● **Provided data**:

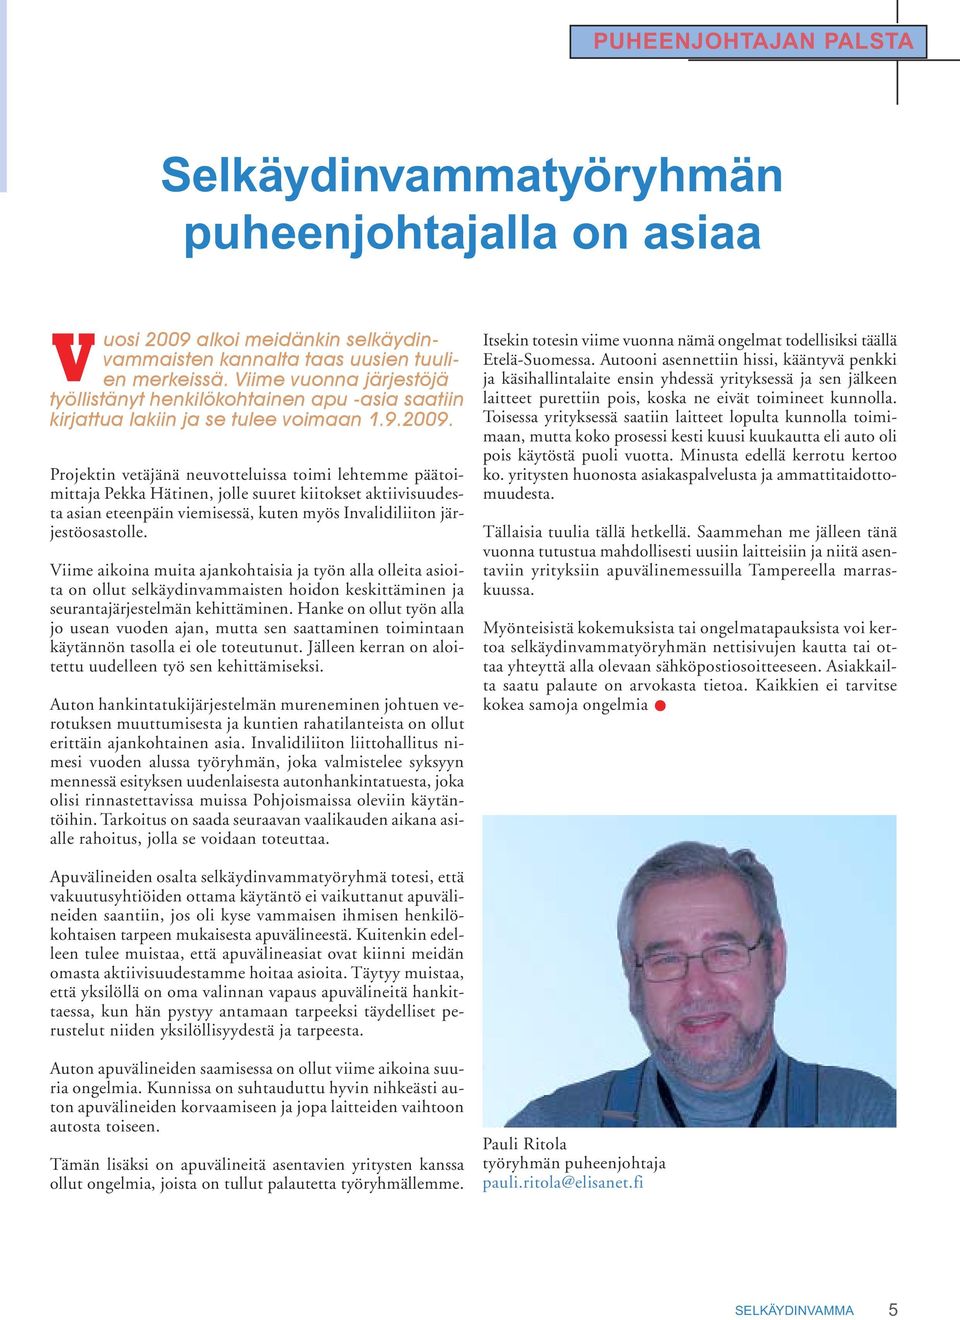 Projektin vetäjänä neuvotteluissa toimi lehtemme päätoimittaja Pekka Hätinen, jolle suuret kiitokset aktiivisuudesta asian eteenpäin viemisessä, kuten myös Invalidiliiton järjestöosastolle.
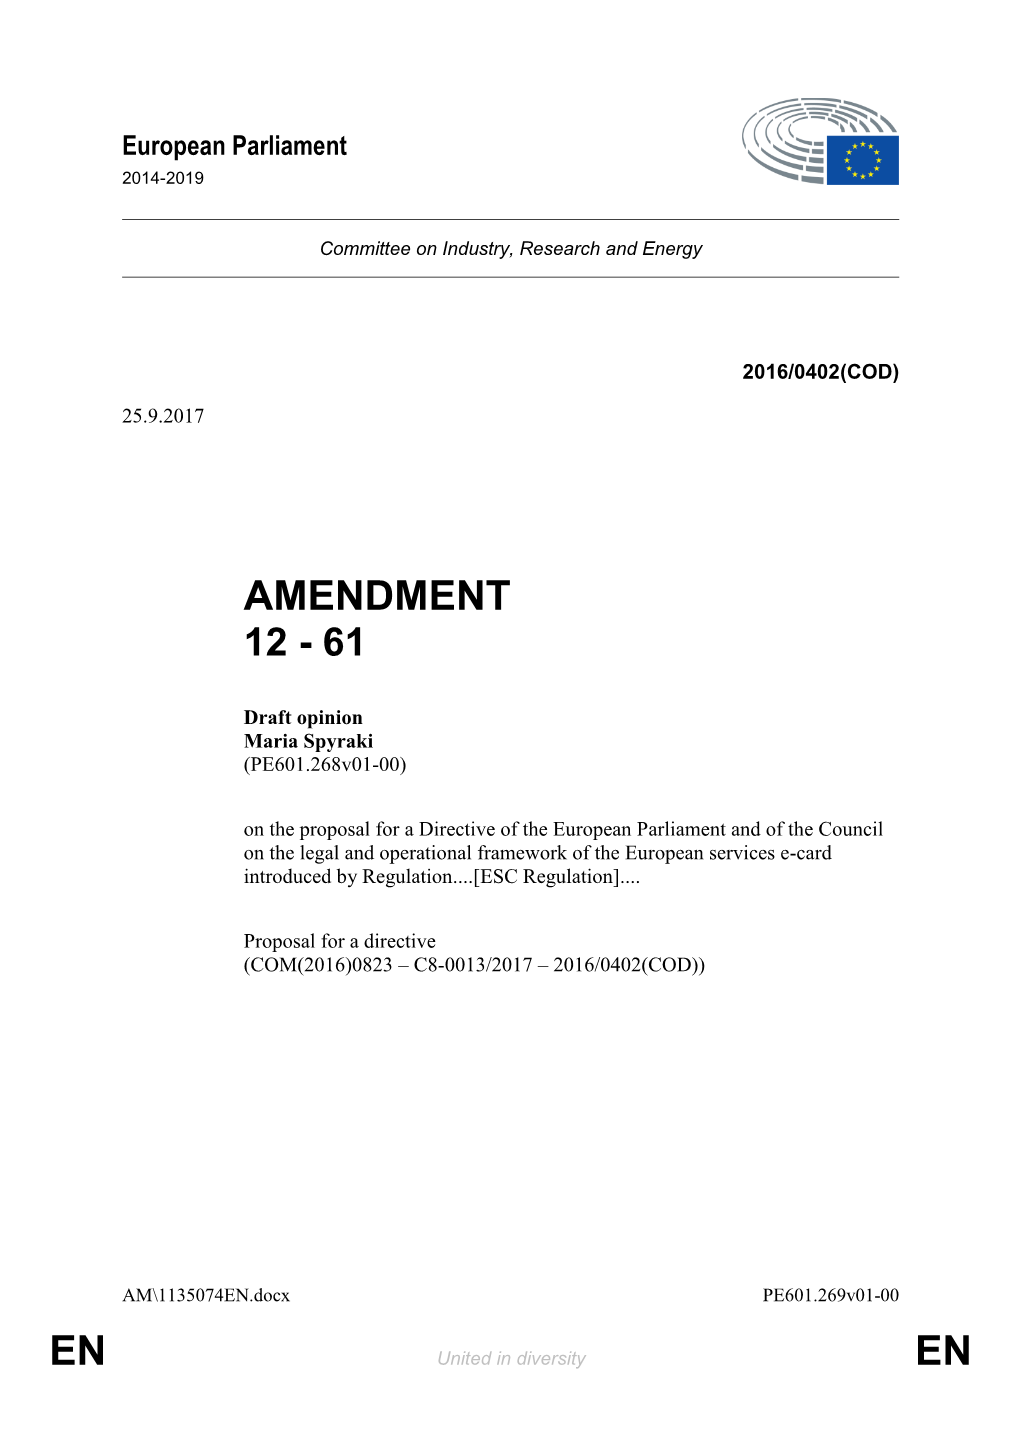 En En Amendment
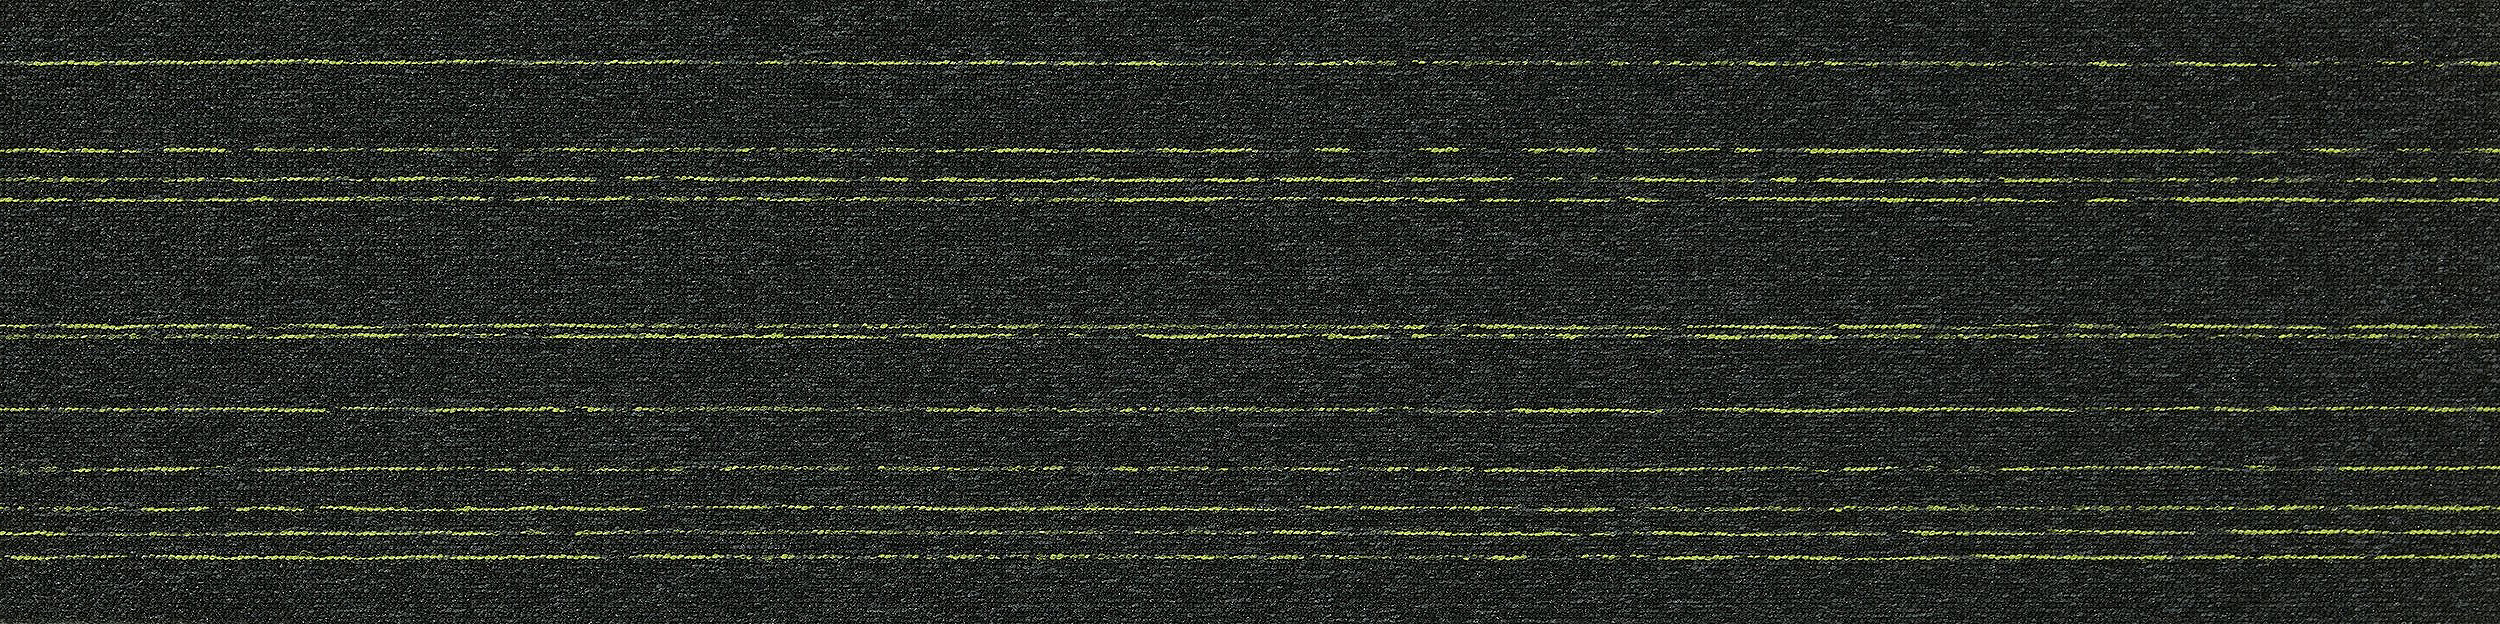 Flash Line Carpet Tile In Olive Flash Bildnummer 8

● **Work to complete**: Output the whole listing again, exactly, without its pictures.

● **Result below**:
 Projektin vetäjänä neuvotteluissa toimi lehtemme päätoimittaja Pekka Hätinen, jolle suuret kiitokset aktiivisuudesta asian eteenpäin viemisessä, kuten myös Invalidiliiton järjestöosastolle.
 En En Amendment
 Flash Line Carpet Tile In Olive Flash Bildnummer 8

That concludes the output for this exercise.